Pengalaman yang sama juga dilalui oleh Noor Huda Ismail yang menuliskan perjalanan hidupnya dalam buku “Blood, Tears, and Redemption. Dia menceritakan awal masuknya kelompok radikal ini melalui tradisi pendidikan pesantren dan infiltrasi ideologi ekstrimisme kepada teman-temannya saat di pesantren Al-Mukmi Ngruki yang memiliki afiliasi dengan kelompok Jamaah Islamiyah. Beberapa temannya yang tergabung dalam tindakan terorisme salah satunya Amrozi pelaku bom bali tahun 2002. Mantan teroris juga memiliki trauma berat yang berkepanjangan serta ingin menempuh jalan taubat. Dalam buku ini menggambarkan pengalaman korban yang berusaha untuk sembuh dari trauma dan kembali ke masyarakat.

Dalam podcast yang bertema “Menemani di Kesempatan Kedua: Cerita Pendampingan Anak Terlibat Terorisme”. Ibu Khariroh Maknunah menceritakan perjalanan anak korban teroris sekitar 64% memang didorong dari keluarganya, difasilitasi untuk berjihad dan pola pengasuhan yang salah. Keterlibatan anak dalam aksi teror dipengaruhi oleh beberapa faktor yakni keluarga dan pergaulan/komunitas. Kaum remaja dalam tahap pencarian jati diri rentan disusupi paham radikalisme dimana kelompok ekstrem ini awalnya memberikan kenyamanan, menerima keadaan serta mengajak untuk melakukan pertaubatan atas kesalahan yang dilakukan para remaja tersebut.
Ibu khariroh selaku direktur pendampingan dari yayasan prasasti perdamaian yakni sebuah organisasi yang berfokus pada upaya deradikalisasi, rehabilitasi dan reintegrasi individu yang pernah terlibat dalam aksi terror.
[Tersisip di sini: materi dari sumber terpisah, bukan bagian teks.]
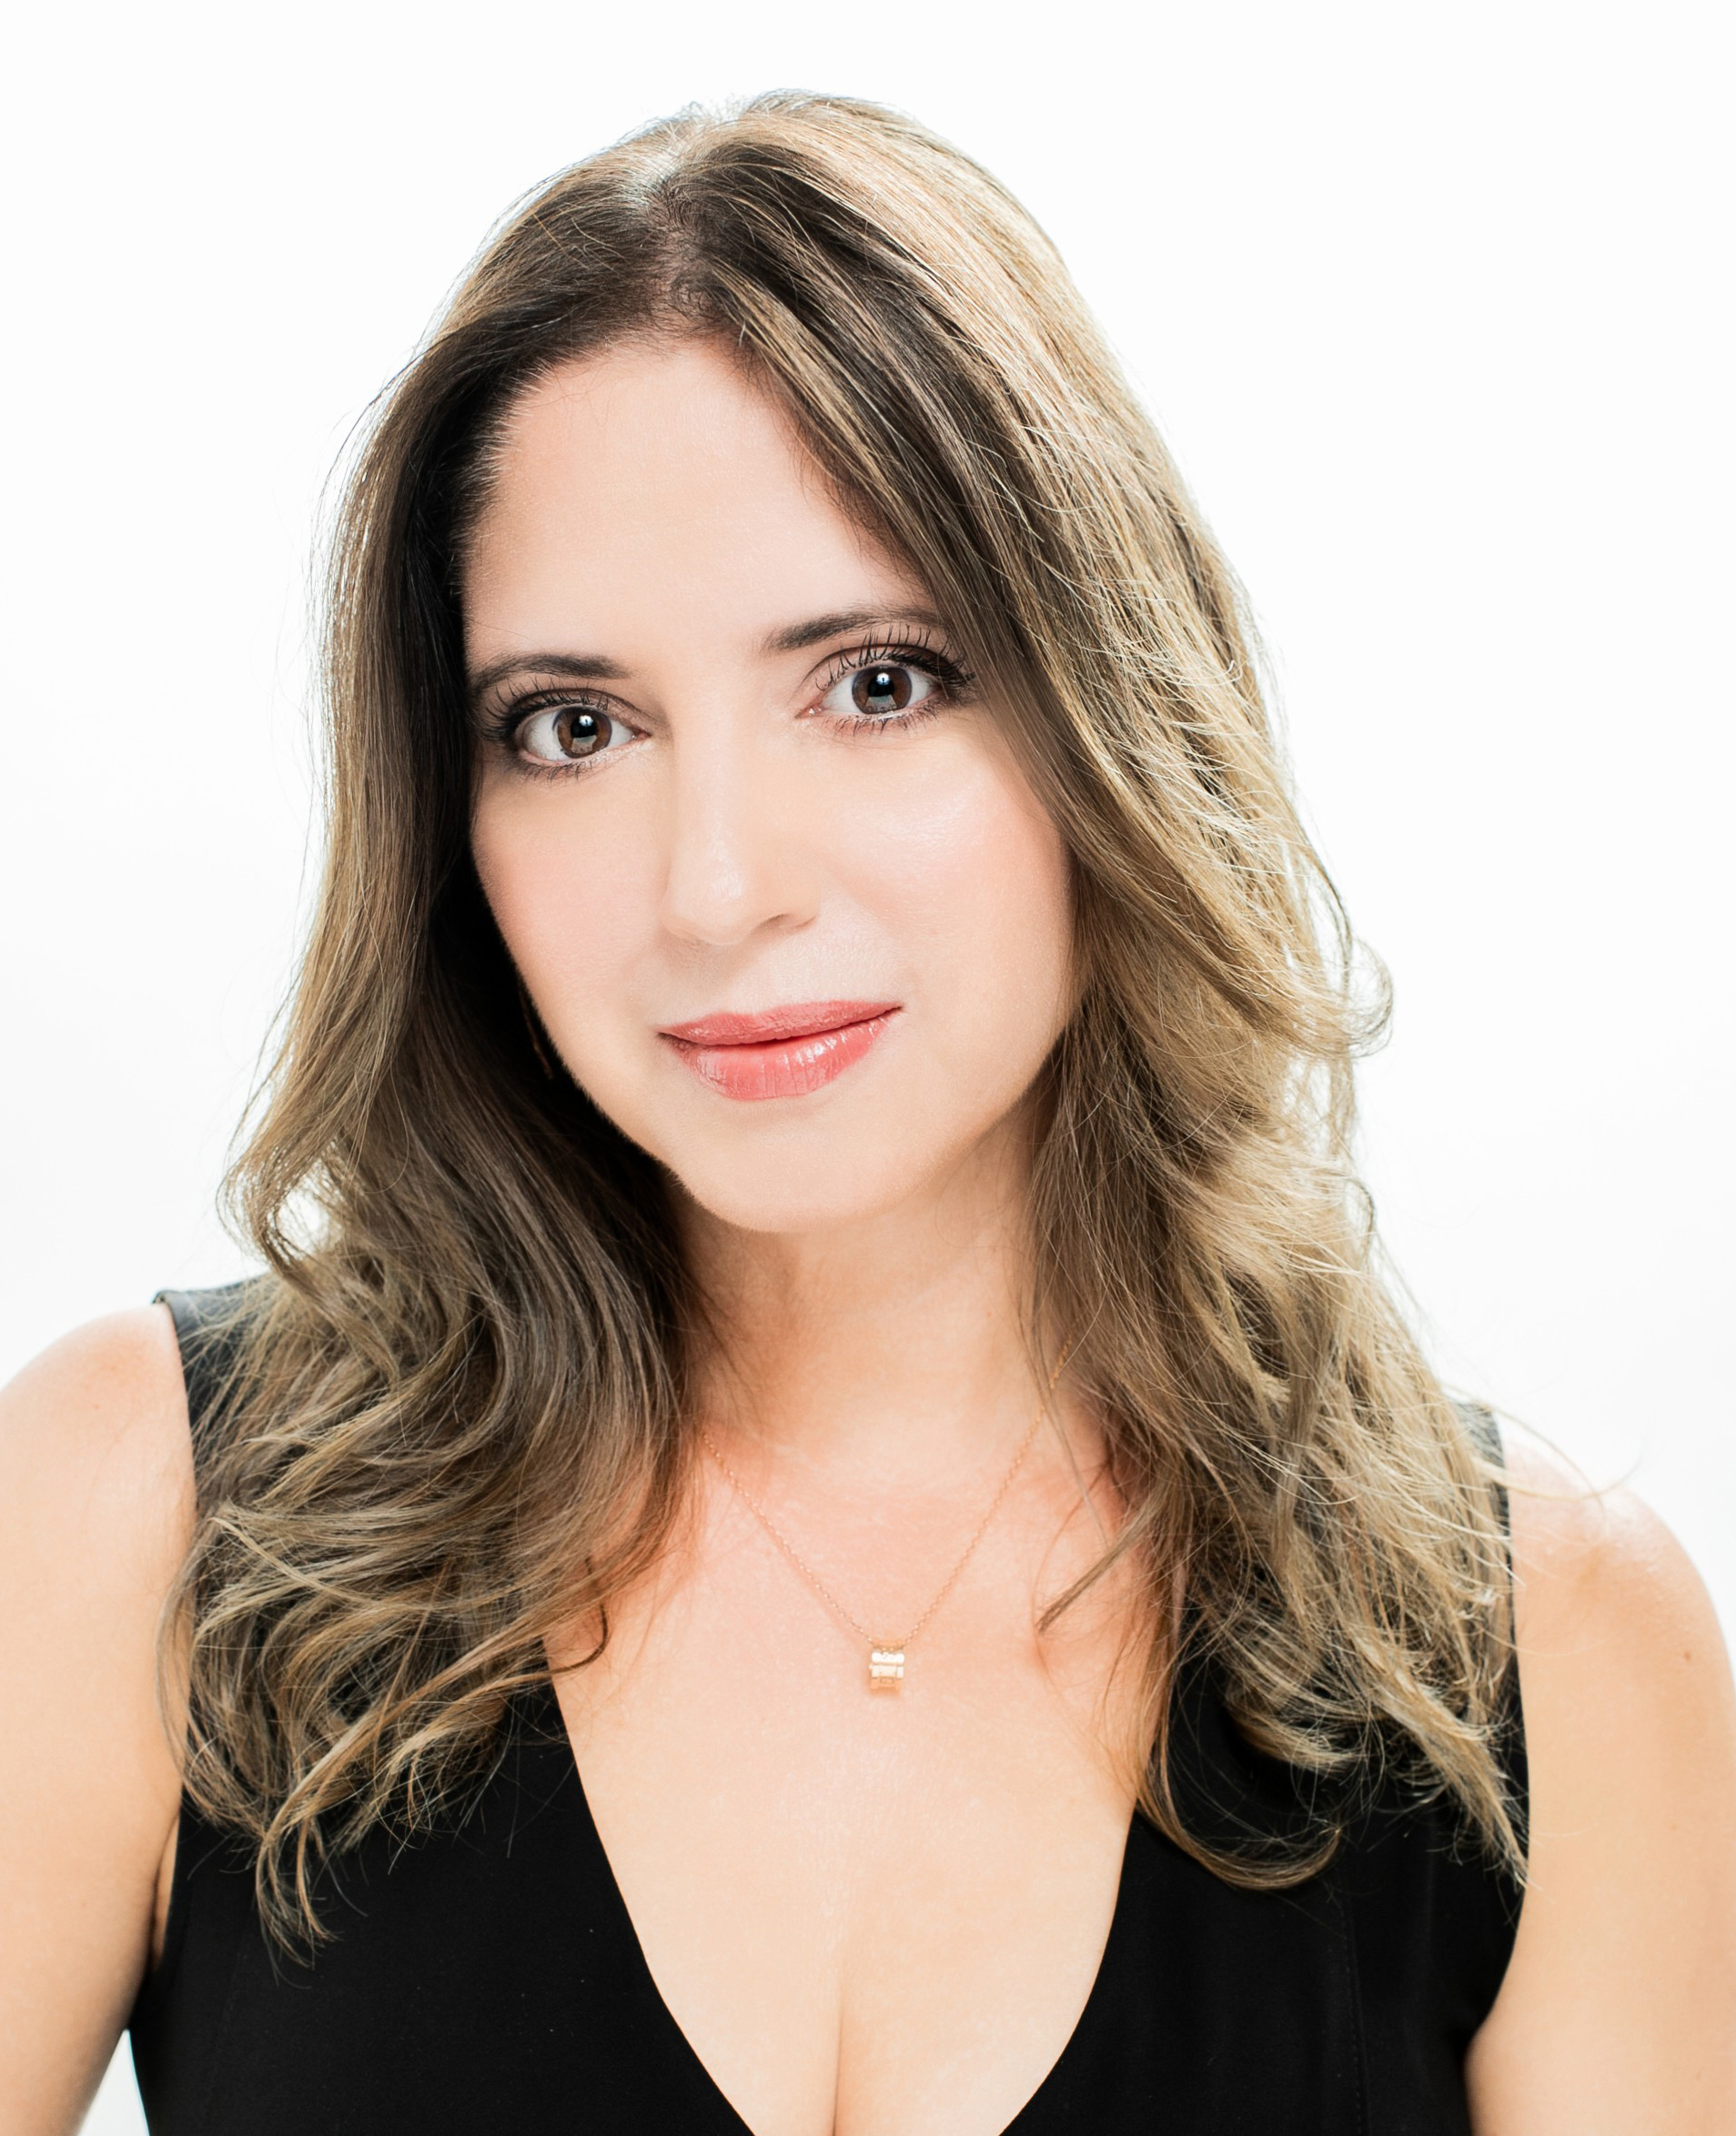 Brenda Nieves
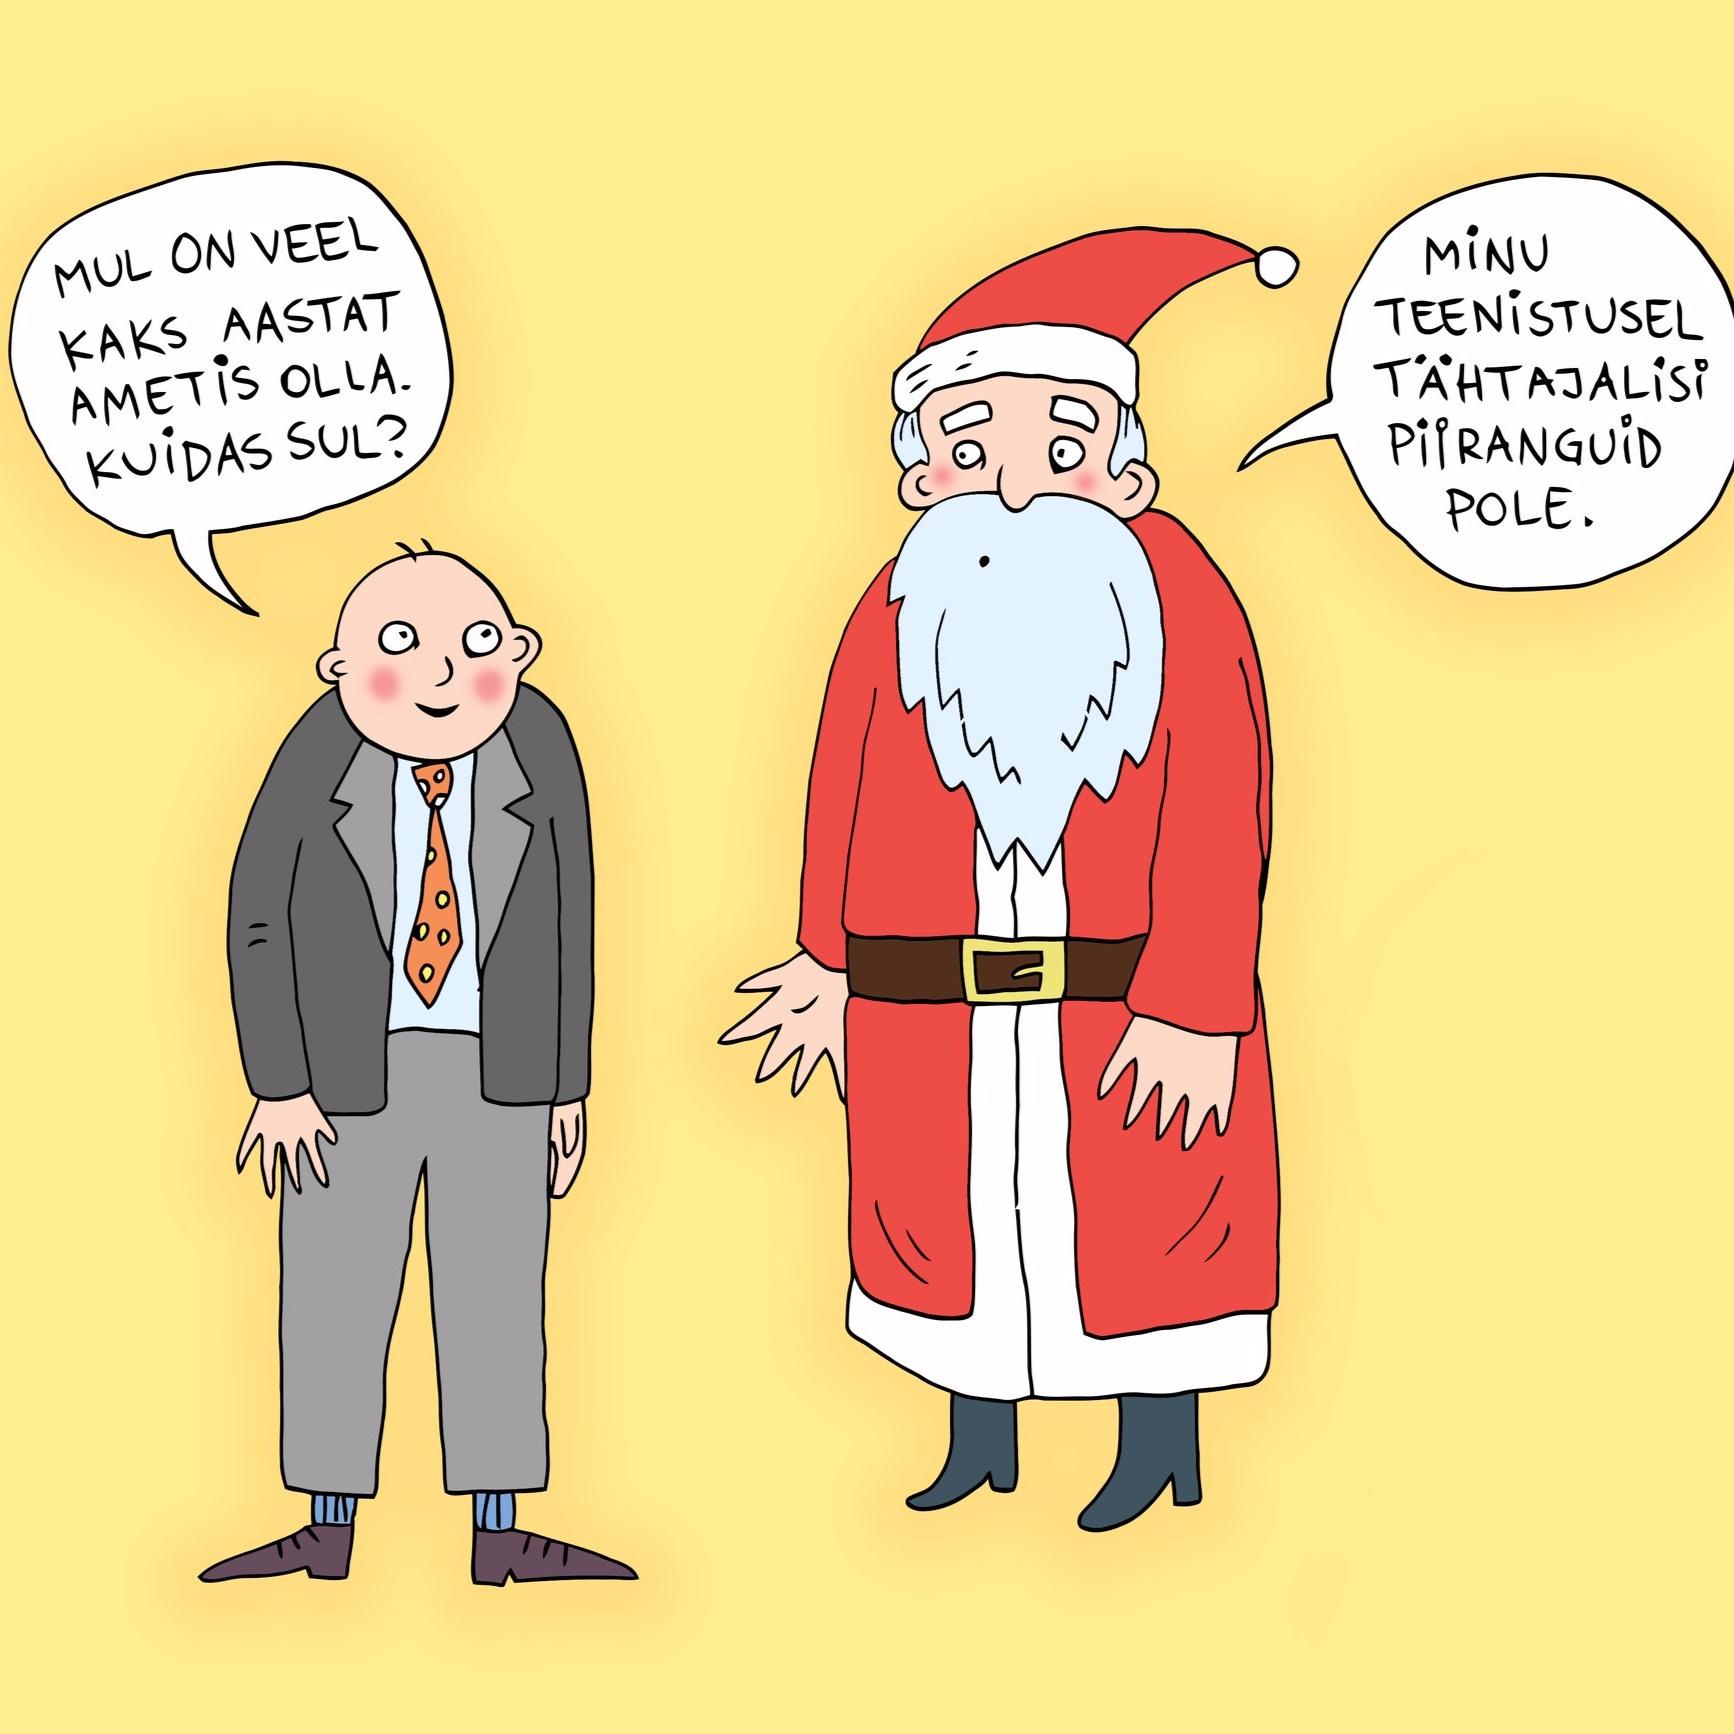 24.12   (illustratsioon: Ave Taavet)   Jõulupühade algusega lõpetab ka meie ideekalender. Aitäh lugemast, kaasa mõtlemast ja vaatamast Ave Taaveti, AW Stuffi ning Urmas Nemvaltsi vahvaid illustratsioone!

Yayasan ini didirikan oleh Noor Huda Ismail di tahun 2008 karena keprihatianan naiknya kasus radikalisme dan terorisme di Indonesia dengan memberikan support terhadap penyintas dan keluarga mereka untuk dapat pulih secara psikologis, sosial dan ekonomi. Adapun pendekatan dari yayasan prasasti perdamaian secara komprehensif membantu anak-anak korban terorisme adalah;
- Pendekatan psikososial, dikenal dengan fase menemani yakni memastikan dukungan person to person, memberikan advice dan insight kepada keluarga atau komunitas serta melibatkan dalam aktivitas positif dalam seni, permainan dan lain sebagainya.
- Reintegrasi sosial, keluarga harus mensupport anaknya untuk berani berbaur dengan masyarakat dan mencari komunitas lokal yang baik.
- Rehabilitasi pendidikan, anak-anak diajarkan untuk bersikap toleran baik melalui materi pendidikan serta diberikan akses pendidikan gratis agar mereka bisa melanjutkan pendidikan sekolah.
- Pendekatan segi agama, mengajarkan kepada anak-anak tentang ajaran islam yang moderat. Memberikan pemahaman bahwa islam merupakan ajaran yang cinta damai begitu juga agama lainnya yang tidak pernah mengajarkan kekerasan kepada seluruh umatnya. Hal ini perlahan akan menggantikan doktrin radikal yang ada dalam pikiran mereka.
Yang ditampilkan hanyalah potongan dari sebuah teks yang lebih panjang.